If we are going to make sure we get the best out of the steps the Government are taking, we have to have some form of coherent plan as to how we make sure we get the best out of our natural environment. If we are talking about encouraging that thing which is of great health benefit to us, the activity that most of us can carry on doing almost to our dying day—going for a walk—rivers and the environment around them are a great encourager of that.

I could make reference to where I live in the village of Lambourn in the Lambourn valley where my noble friend in a previous incarnation had a considerable interest, it being part of his constituency. I would make anecdotes about the River Lambourn, the ultimate chalk spring-fed river that was sometimes there and sometimes not—a playground for children, horses and dogs, in my opinion.

All of these things encourage people to go out and enjoy the countryside. If you have a sterile environment and the river becomes just a muddy puddle, nobody is going to want to use it. People are not going to walk beside it, they cannot fish in it, and let us not even talk about canoeists and rowers. I do not think chalk streams are the best environment for them, generally speaking. Also, let us face it, if you talk about canoeists and anglers together, one has visions of people turning up with seconds at dawn on Hampstead Heath with loaded pistols; they do not generally play well together. But they should; they should be co-ordinated. The Government should bring these people together to work together to monitor the water we have. We have just come through an experience where people have discovered open water swimming. You cannot do that in a river that is dangerous and does not have life in it. You can turn it into some sort of slightly unpleasant swimming pool, but it will not have the same effect.

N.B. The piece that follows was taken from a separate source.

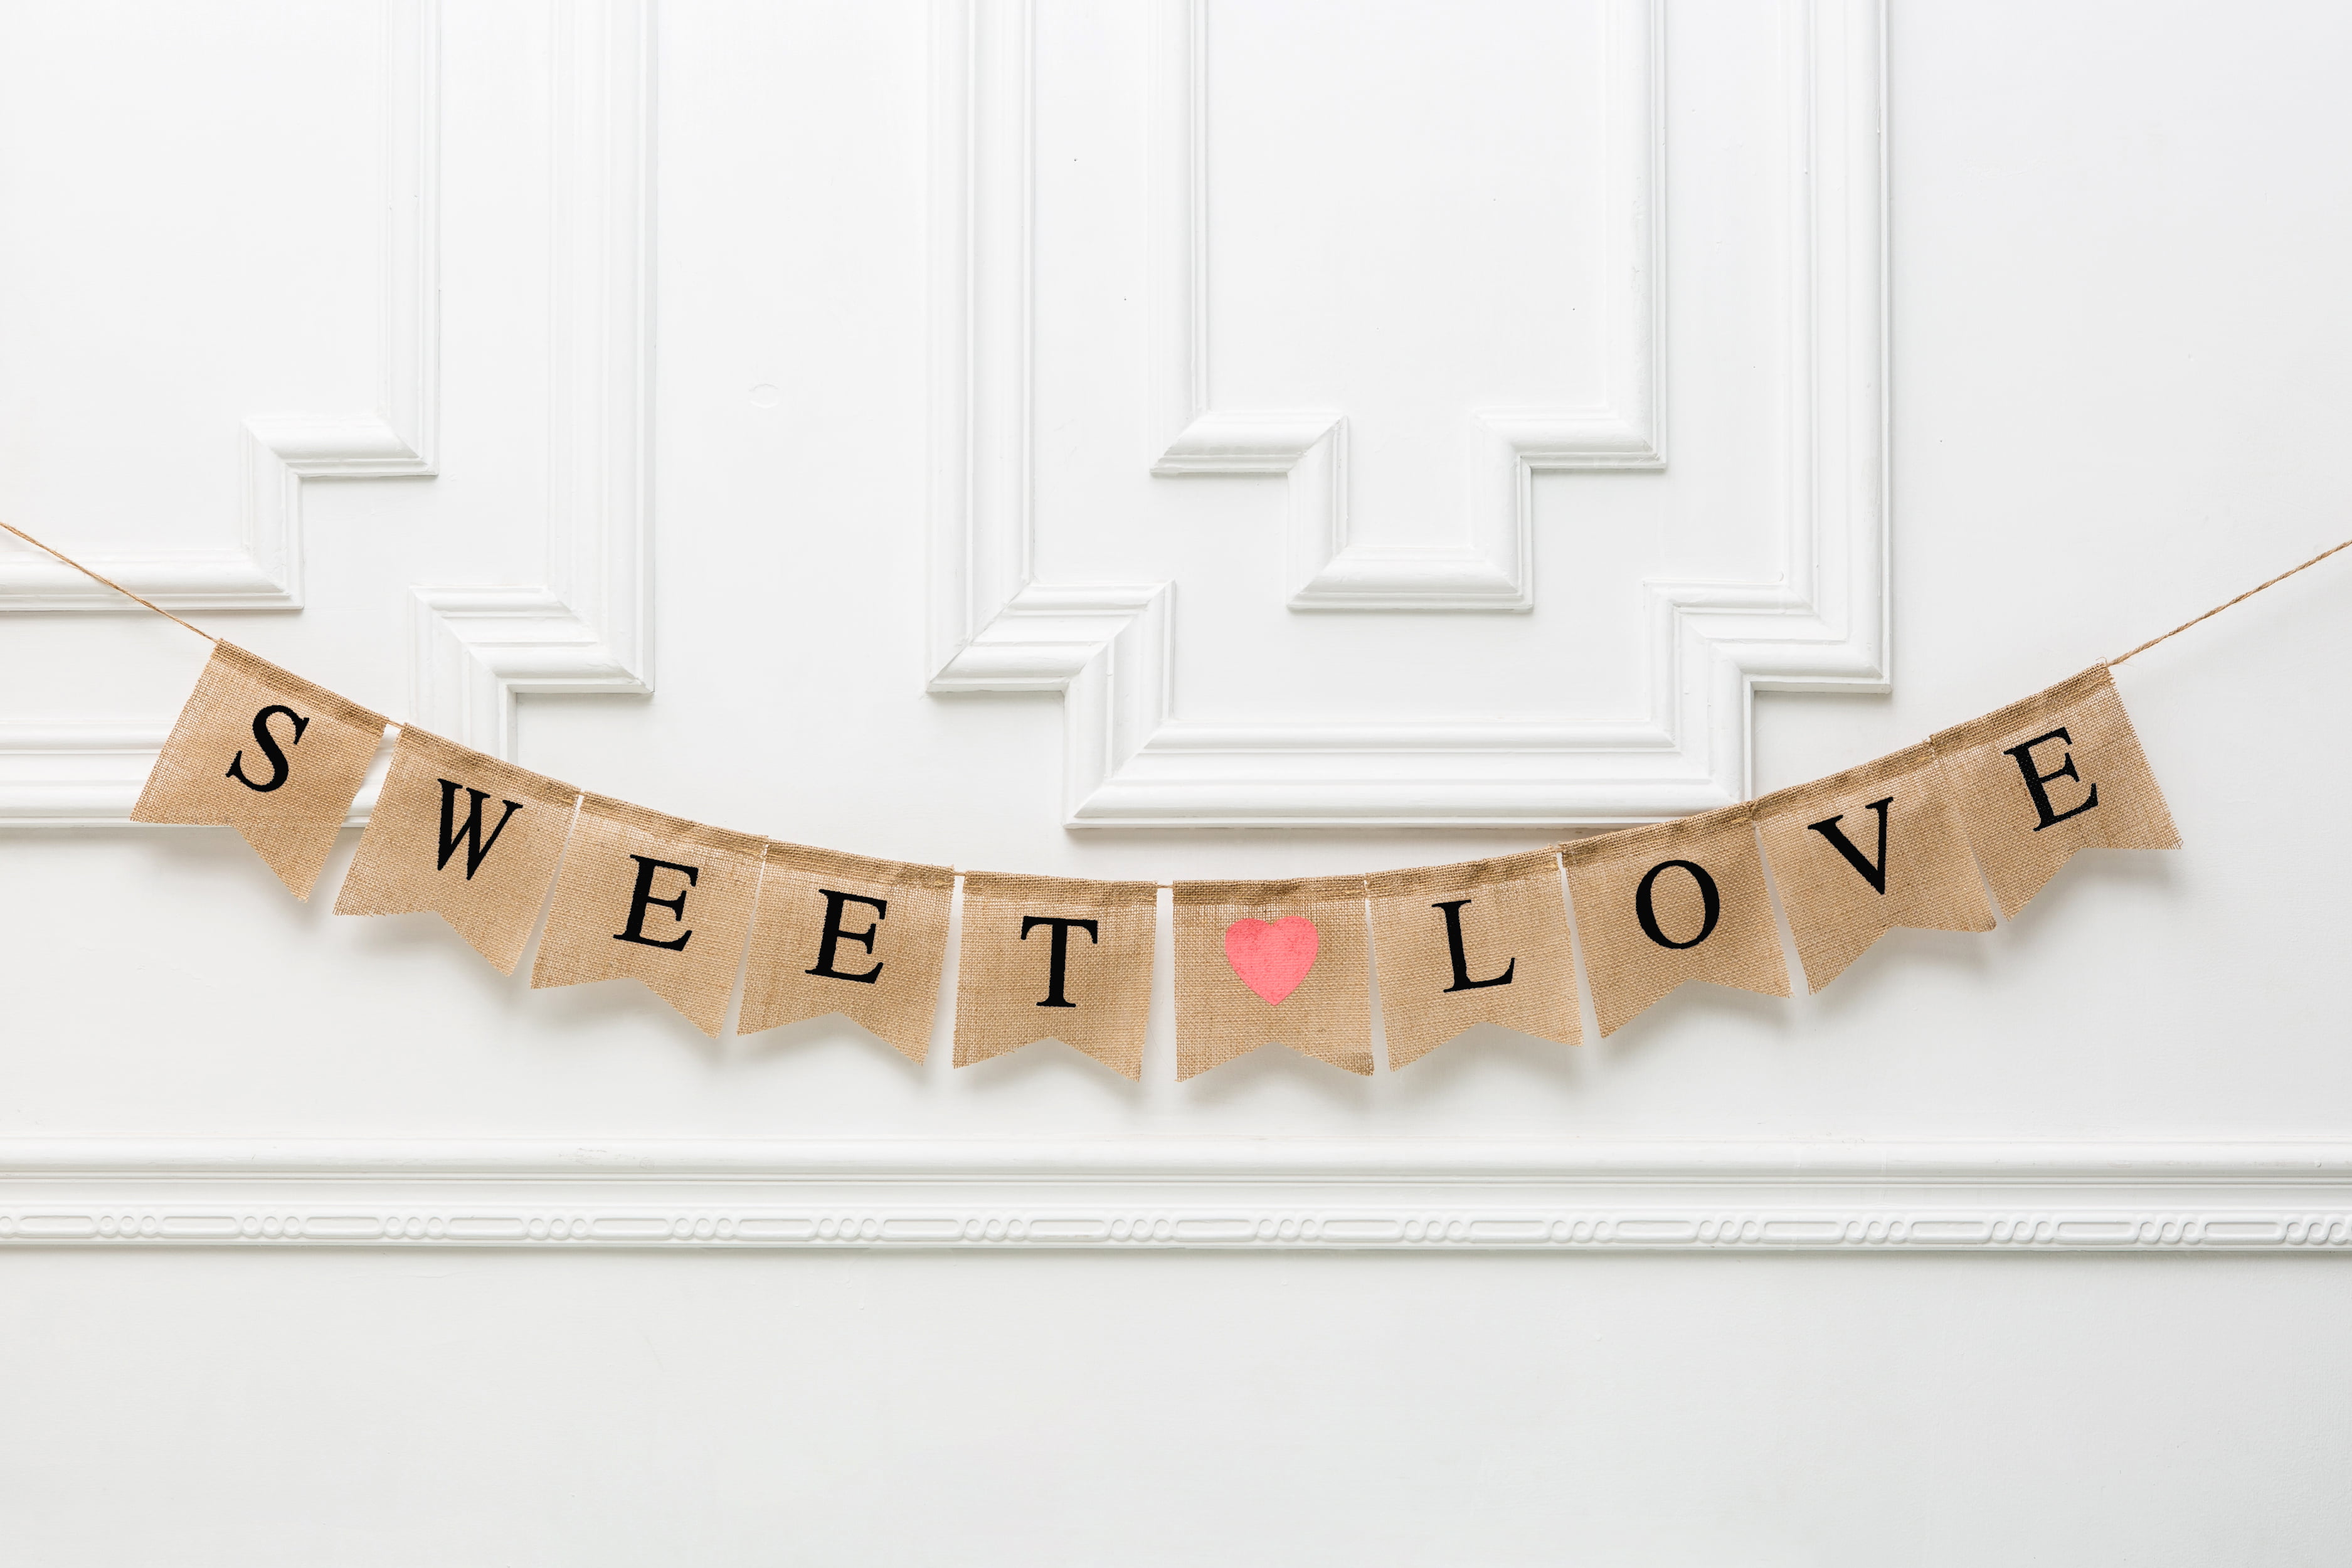 Engaged Burlap Banner Engagement Decoration  Wedding Burlap Banner Spring Wedding Banner Bridal Shower Party  red Heart Sign on Both Sides
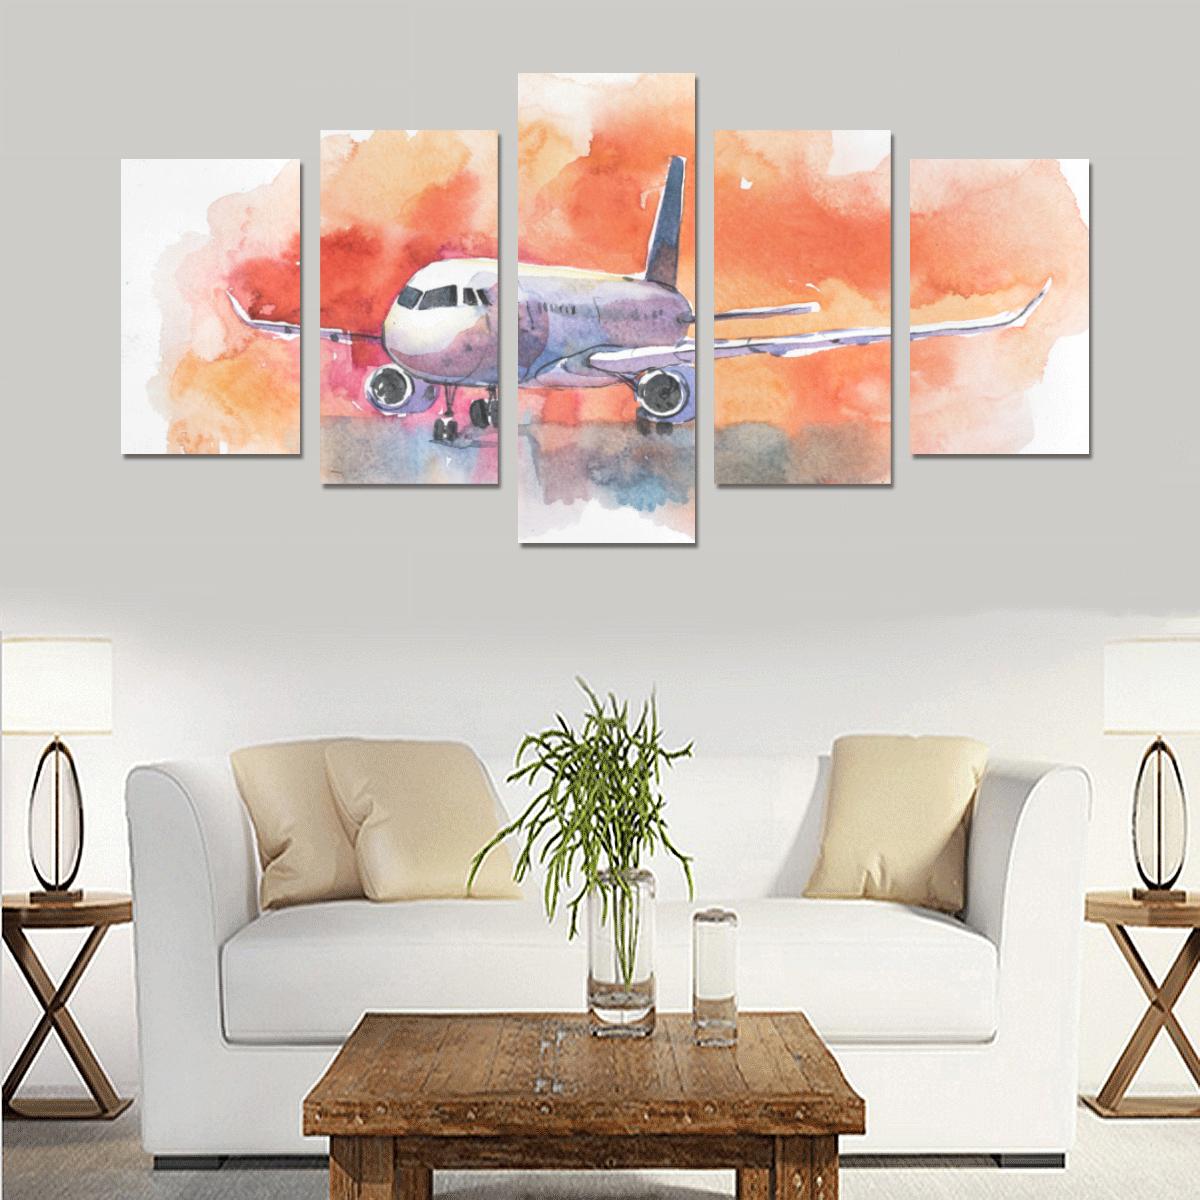 AIRCRAFT. AIRPLANE FLYING IN THE CLOUDY SKY. PASSE CANVAS PRINT SETS C (NO FRAME) THE AV8R

The countryside and the rivers in it are a great way of encouraging people to take on the sort of outdoor activity that is of great benefit to so much of the rest of government—not the Minister’s department directly, but the Department of Health and the Department for Education. Do the Government have a coherent plan, or at least some structure, by which they will get these bits of government to talk to each other and work together to get the best out of this? Getting people to talk together in government is always a challenge, because you can punch a hole through a Chinese wall and find another one has been built three yards down the road.

Do the Government have some idea of how they are going to co-ordinate the actions they have taken in bits of legislation recently to make rivers, as part of the countryside, accessible and pleasant? People, generally speaking, do not take exercise in unpleasant environments. Let us face it, very few people go for a casual walk around an industrial estate. If we can get the environment right, with some way of monitoring it to make it somewhere you would go that is engaging, we will encourage this. It helps tourism, the hospitality industry and everything else. Can the Government give us some idea of what their thinking is? Without it, we will have small initiatives going off left, right and centre, not interacting, not getting the benefits and lacking the necessary support and structure.

I hope the Minister will give us at least some idea that some of this is happening, and of who will be leading this. Is the Department of Health giving some suggestions about activity, or is Defra doing something to lead into it? Is the Department for Education coming through, or even the poor little sports section of DCMS, which is now effectively the department for the media? Will they co-ordinate and how will they go through? It will take that sort of pressure and constant observation to get the best out of any strategy, and that is something to which we should all be paying some attention.